NZ Transport Agency Waka Kotahi

Agency overview
- Formed: 1 August 2008; 18 years ago
- Preceding agencies: Land Transport New Zealand; Transit New Zealand;
- Jurisdiction: New Zealand Government
- Headquarters: 44 Bowen Street, Wellington
- Employees: 2,081
- Minister responsible: Chris Bishop, Minister of Transport;
- Agency executives: Simon Bridges, Chair; Brett Gliddon, Chief executive;
- Website: www.nzta.govt.nz

= NZ Transport Agency Waka Kotahi =

New Zealand Crown entity for land transport

NZ Transport Agency Waka Kotahi (NZTA) is a New Zealand Crown entity tasked with promoting safe and functional transport by land, including the responsibility for driver and vehicle licensing, and administering the New Zealand state highway network. Waka Kotahi means 'one vessel' and is intended to convey the concept of "travelling together as one".

==History and leadership==
===Formation===
The agency was established on 1 August 2008 by the Land Transport Management Amendment Act 2008, merging Transit New Zealand with Land Transport New Zealand.

===Leadership changes, 2008-2019===
NZTA's board was criticised by the National Party-led opposition in July 2008 as being "stacked" with political appointees of the Labour Party-led government. A National Party-led government was formed after 2008 New Zealand general election, and a number of board members were reappointed or replaced.

In January 2019, three members of the board of directors resigned, about six weeks after the resignation of chief executive Fergus Gammie. They were Adrienne Young-Cooper, Chris Ellis and Fran Wilde. Minister of Transport Phil Twyford said the agency had been "going through a massive change process", with its compliance work in the issuing of vehicle Warrant of Fitnesses under review.

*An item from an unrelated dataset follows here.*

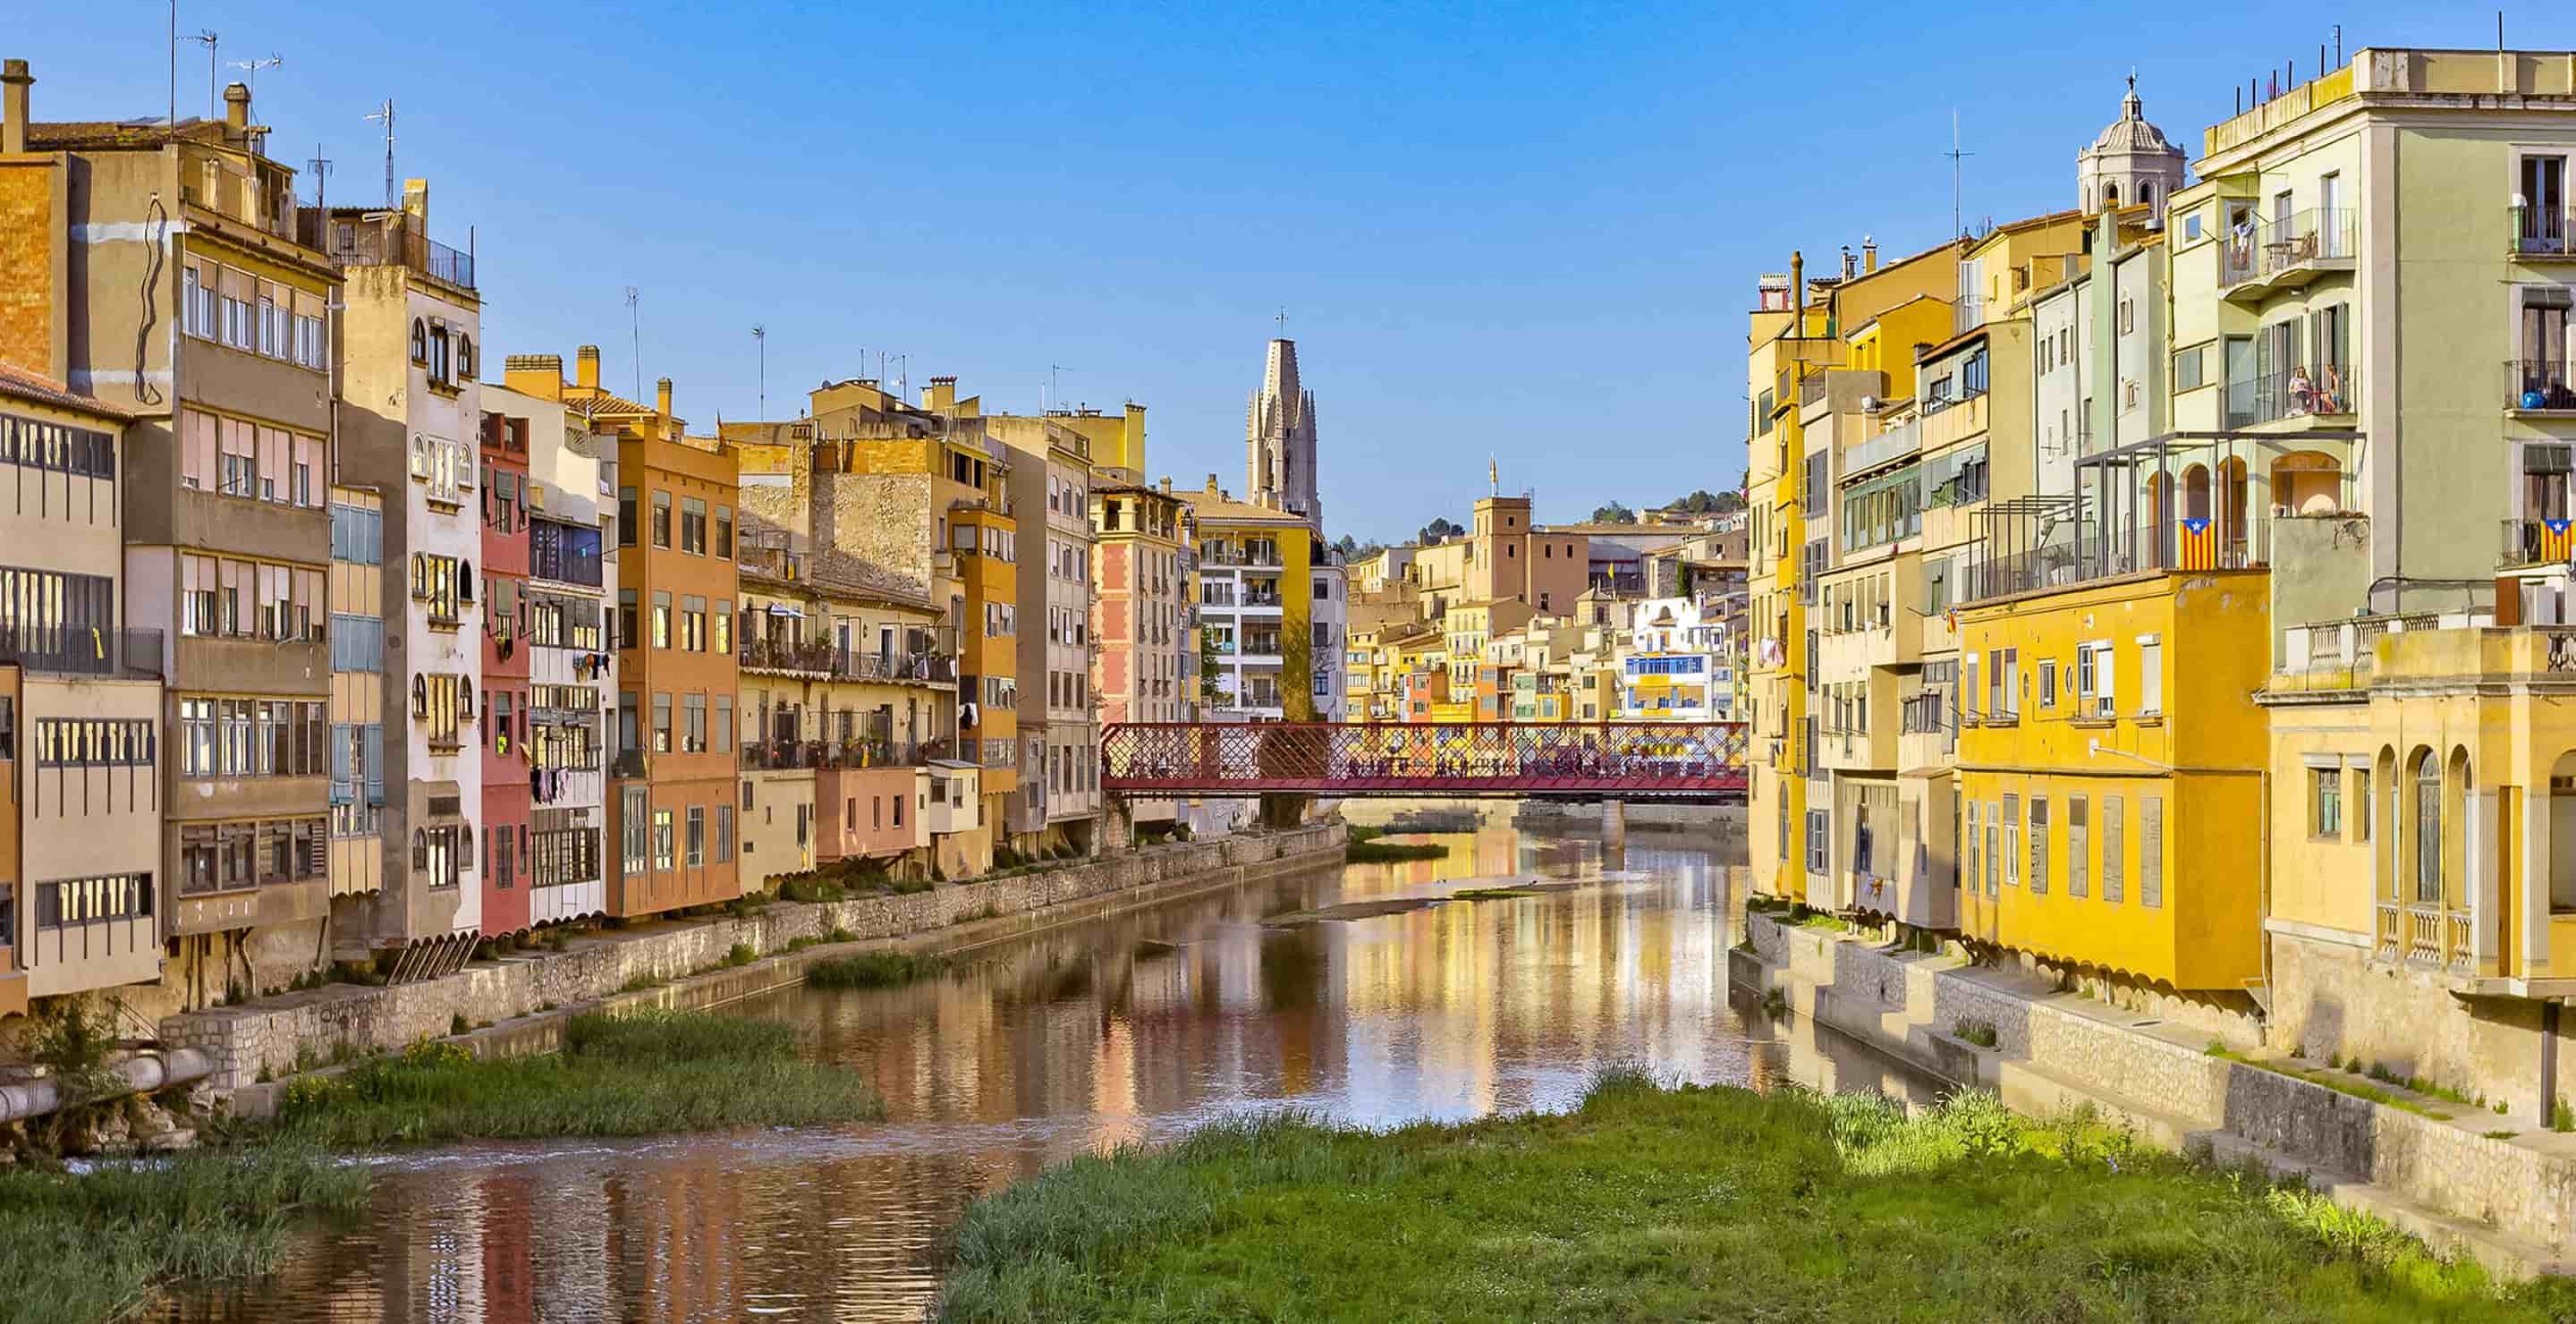 Tren barato Barcelona Girona desde 7€ | Renfe horarios y billetes

Mark Ratcliffe, former head of telco Chorus, was appointed interim chief executive. Nicole Rosie, former CE of WorkSafe New Zealand, replaced him as chief executive mid-February 2020.

On 26 April 2019, chairman Michael Stiassny announced his resignation. On 11 June 2019, Brian Roche commenced his second term as chairman of NZTA; Roche had previously been the inaugural chairman from 2008.

===Waka Kotahi, 2019-2023===
In August 2019, Waka Kotahi changed the order of its name to emphasise its Māori language name "Waka Kotahi." The logo was also changed to reflect this change of order.

Kane Patena was appointed the first Director of Land Transport for Waka Kotahi from 1 April 2021.

In early November 2023, Waka Kotahi suspended its NZ$305 million Transport Choices Programme where local councils would receive funding to encourage walking, cycling and public transportation. Waka Kotahi suspended this programme amidst coalition talks to form the National-led coalition government following the 2023 New Zealand general election.

===Reversion to NZTA, 2023-present===
In December 2023, the New Zealand Minister of Transport Simeon Brown ordered that the agency was to give primacy to its English name.

In mid-December 2023, Transport Minister Brown ordered the NZTA to halt funding and work on various local council projects to promote cycling, walking and public transportation. Notable projects affected by the Government's transportation policy change included the "Let's Get Wellington Moving" programme.

On 11 March 2024, Simon Bridges was appointed a member and chairperson of the NZTA board for a three-year term.

On 15 May, RNZ reported that NZTA had paid consultant PwC to design two new vehicle-spotting technologies at a cost of NZ$130 million only to abandon the project after the technologies were found not to work.

On 16 May 2024, NZTA confirmed that it would slash over 120 jobs as part of government cutbacks. 109 of the affected roles came from the former Clean Car Discount, Climate Emergency Response Fund, and Let's Get Wellington Moving projects, which had been cancelled by the National-led coalition government. In early May 2024, NZTA also announced it would cut another 12 roles from its Customer and Services and Digital teams to meet the Government's 7.5% cost cutting target.

==Public data access==
NZTA stores registration, licensing and warrant of fitness details for any road-registered vehicle within New Zealand, including cars, motorbikes, trailers, trucks and earthmoving or agricultural machinery. Any member of the public can query NZTA's database by making a request using the licence plate or VIN at an NZ Post outlet, or by using a vehicle checking website.

==Road signage==
Road signs in New Zealand fall under the authority of NZTA and are prescribed in the Traffic Control Devices (TCD) Manual.